START Records
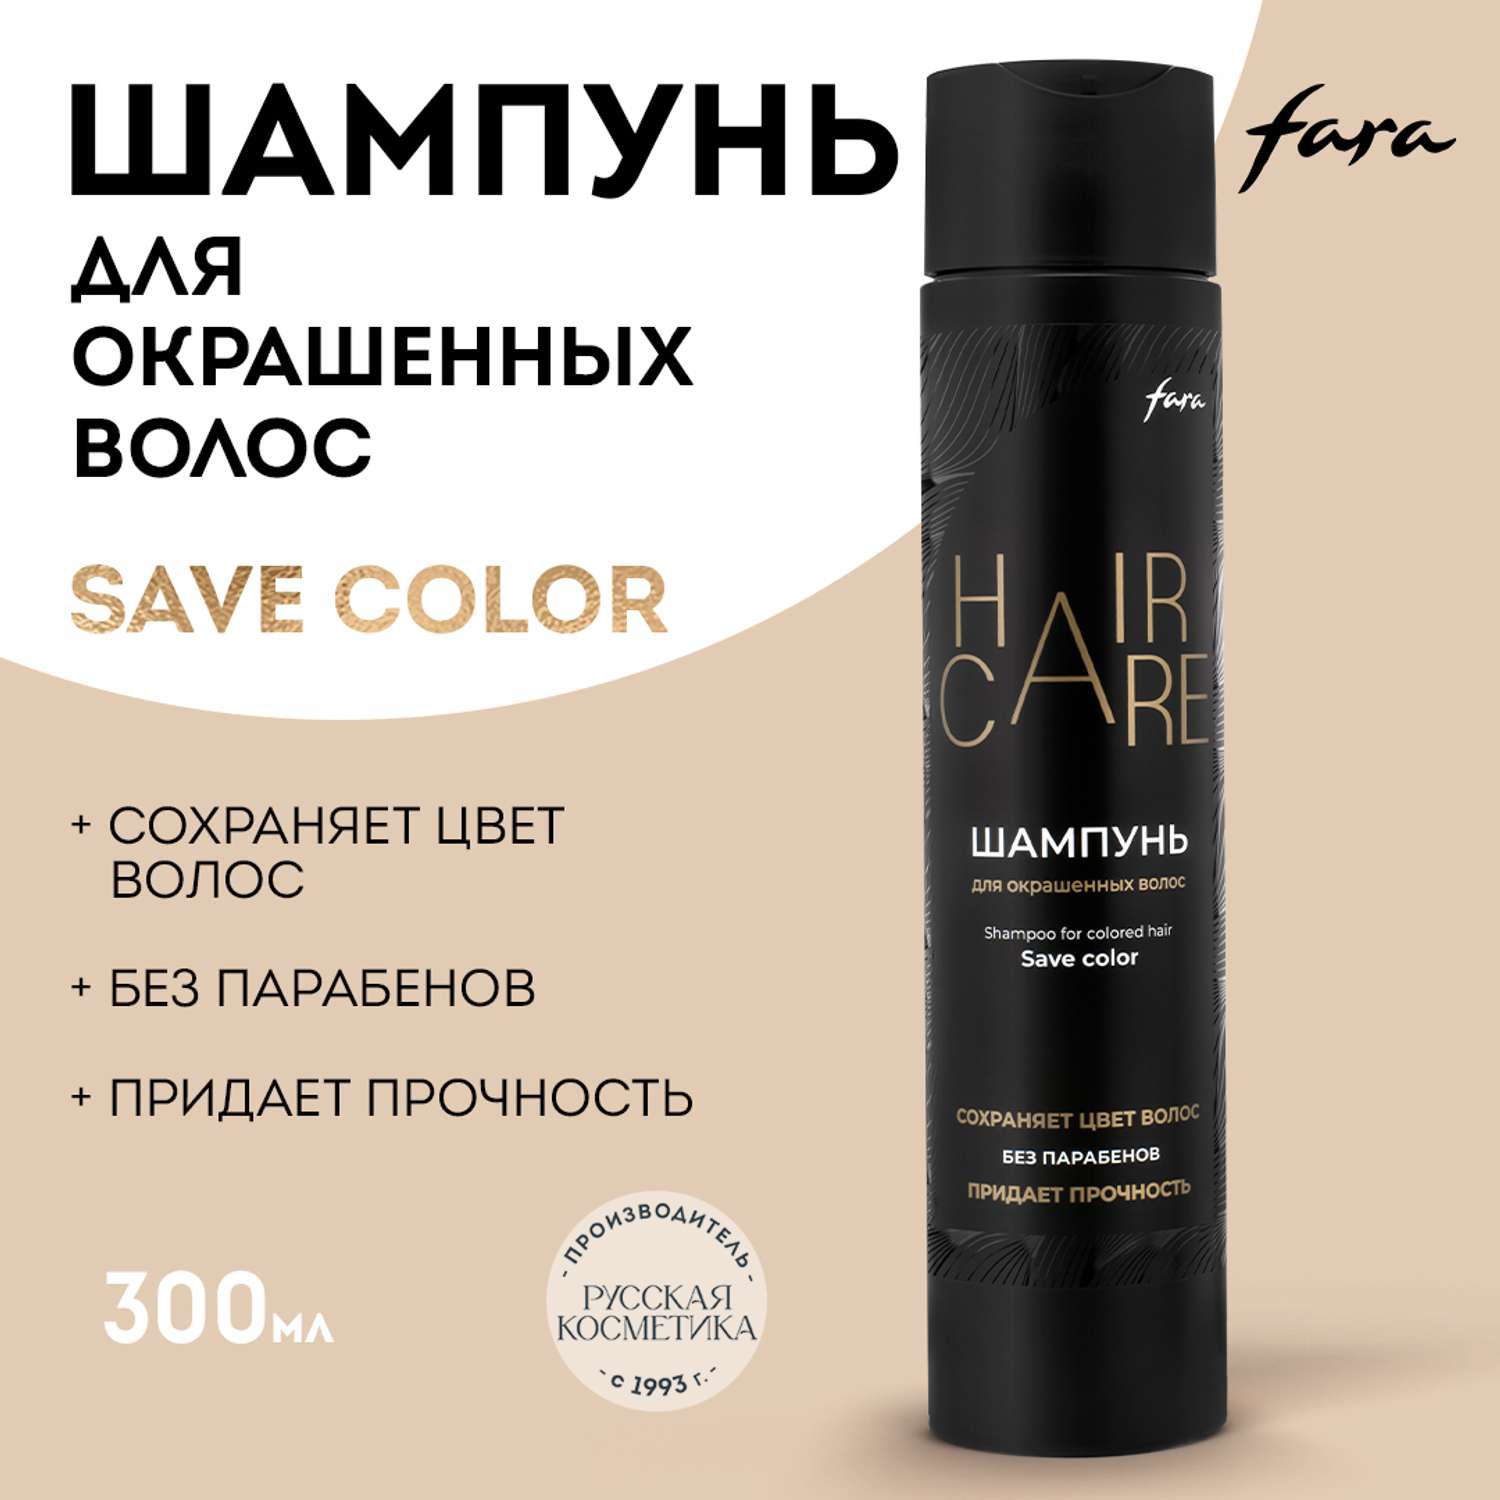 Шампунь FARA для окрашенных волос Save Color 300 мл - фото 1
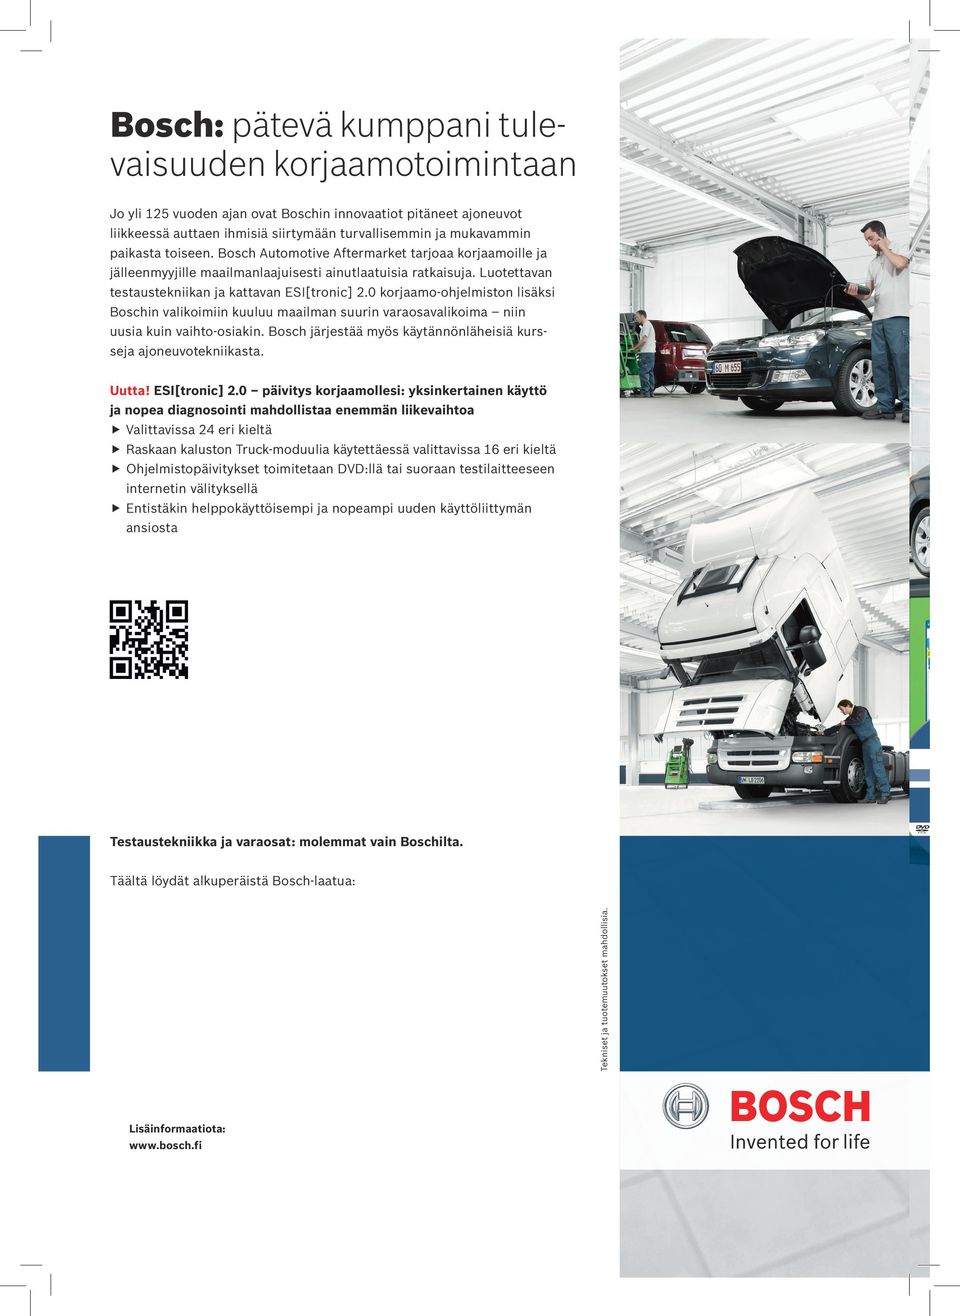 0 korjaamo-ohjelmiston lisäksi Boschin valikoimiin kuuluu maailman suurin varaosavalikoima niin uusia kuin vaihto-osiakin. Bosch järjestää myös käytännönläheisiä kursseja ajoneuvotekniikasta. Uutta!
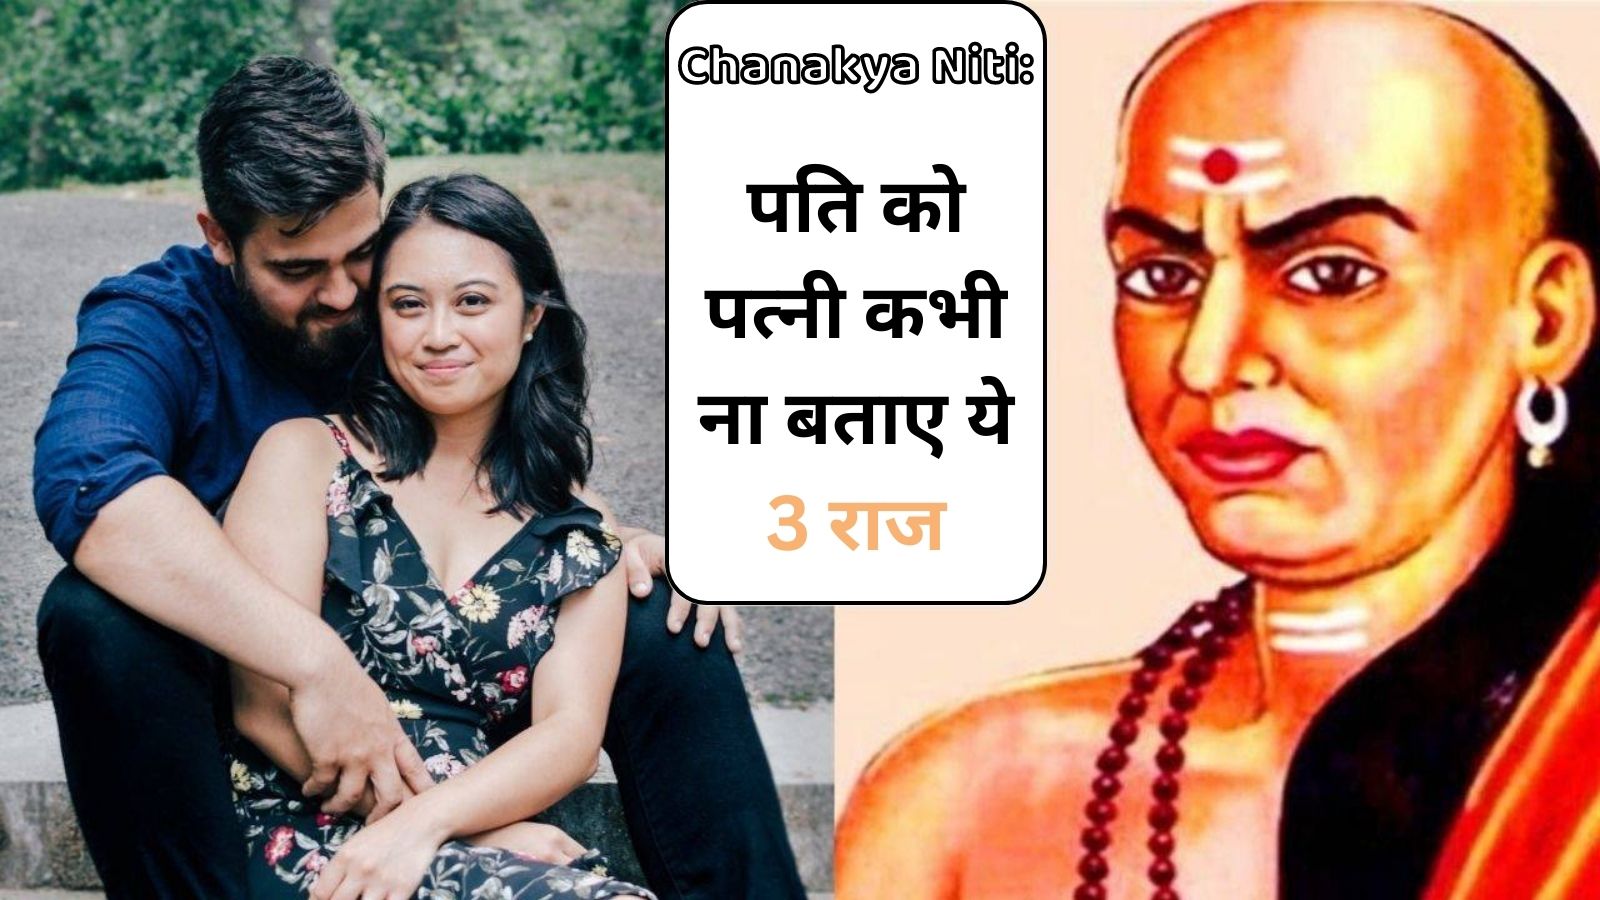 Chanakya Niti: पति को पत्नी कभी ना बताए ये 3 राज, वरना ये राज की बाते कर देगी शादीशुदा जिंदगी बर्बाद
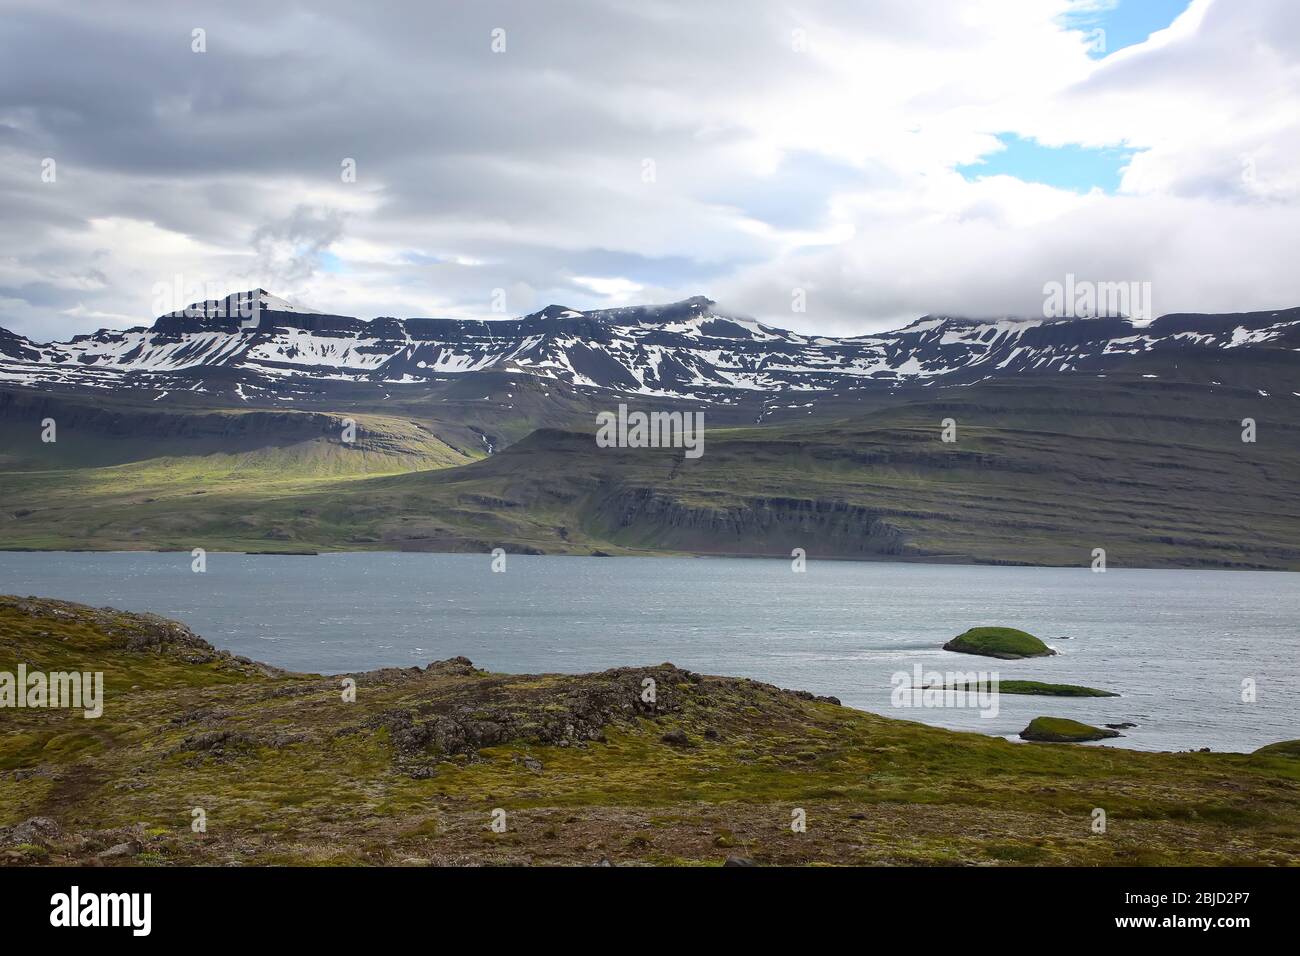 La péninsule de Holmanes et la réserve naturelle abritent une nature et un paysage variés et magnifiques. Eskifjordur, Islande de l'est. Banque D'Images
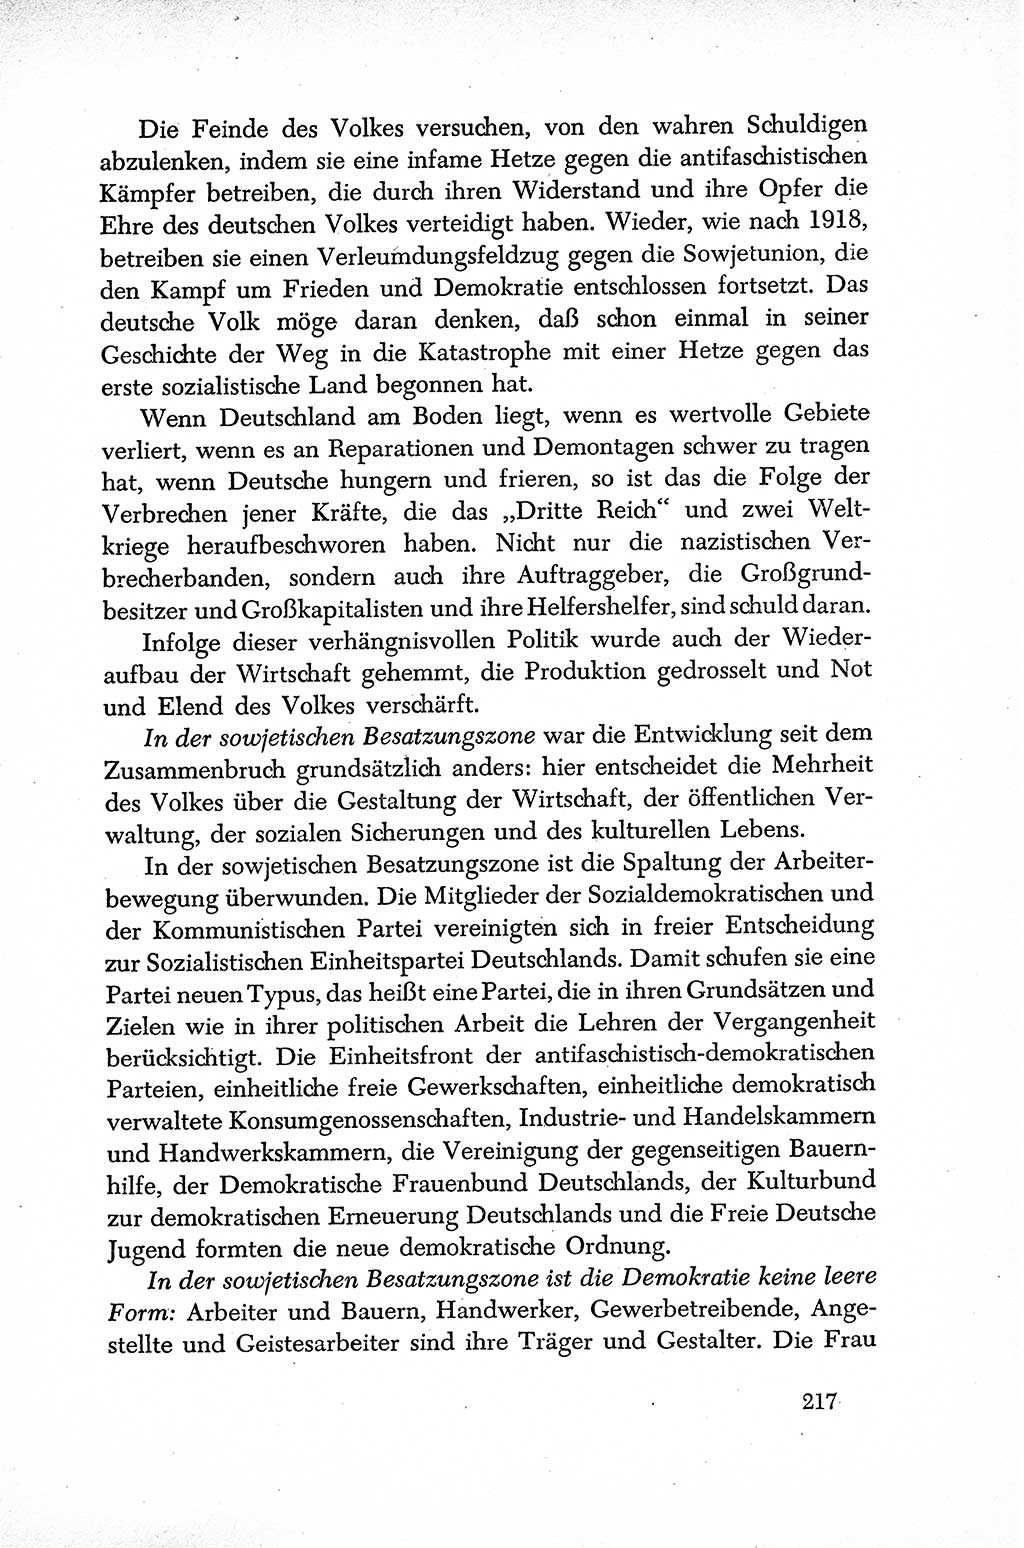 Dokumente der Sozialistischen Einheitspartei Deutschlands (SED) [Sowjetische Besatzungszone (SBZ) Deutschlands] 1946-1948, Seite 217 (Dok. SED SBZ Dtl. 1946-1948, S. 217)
END Records
Leaving the pictures out, set down all of the data again exactly.

 Шампунь FARA для окрашенных волос Save Color 300 мл - фото 1
 0 korjaamo-ohjelmiston lisäksi Boschin valikoimiin kuuluu maailman suurin varaosavalikoima niin uusia kuin vaihto-osiakin. Bosch järjestää myös käytännönläheisiä kursseja ajoneuvotekniikasta. Uutta!
 Chanakya Niti: पति को पत्नी कभी ना बताए ये 3 राज, वरना ये राज की बाते कर देगी शादीशुदा जिंदगी बर्बाद
 La péninsule de Holmanes et la réserve naturelle abritent une nature et un paysage variés et magnifiques. Eskifjordur, Islande de l'est. Banque D'Images
 Dokumente der Sozialistischen Einheitspartei Deutschlands (SED) [Sowjetische Besatzungszone (SBZ) Deutschlands] 1946-1948, Seite 217 (Dok. SED SBZ Dtl. 1946-1948, S. 217)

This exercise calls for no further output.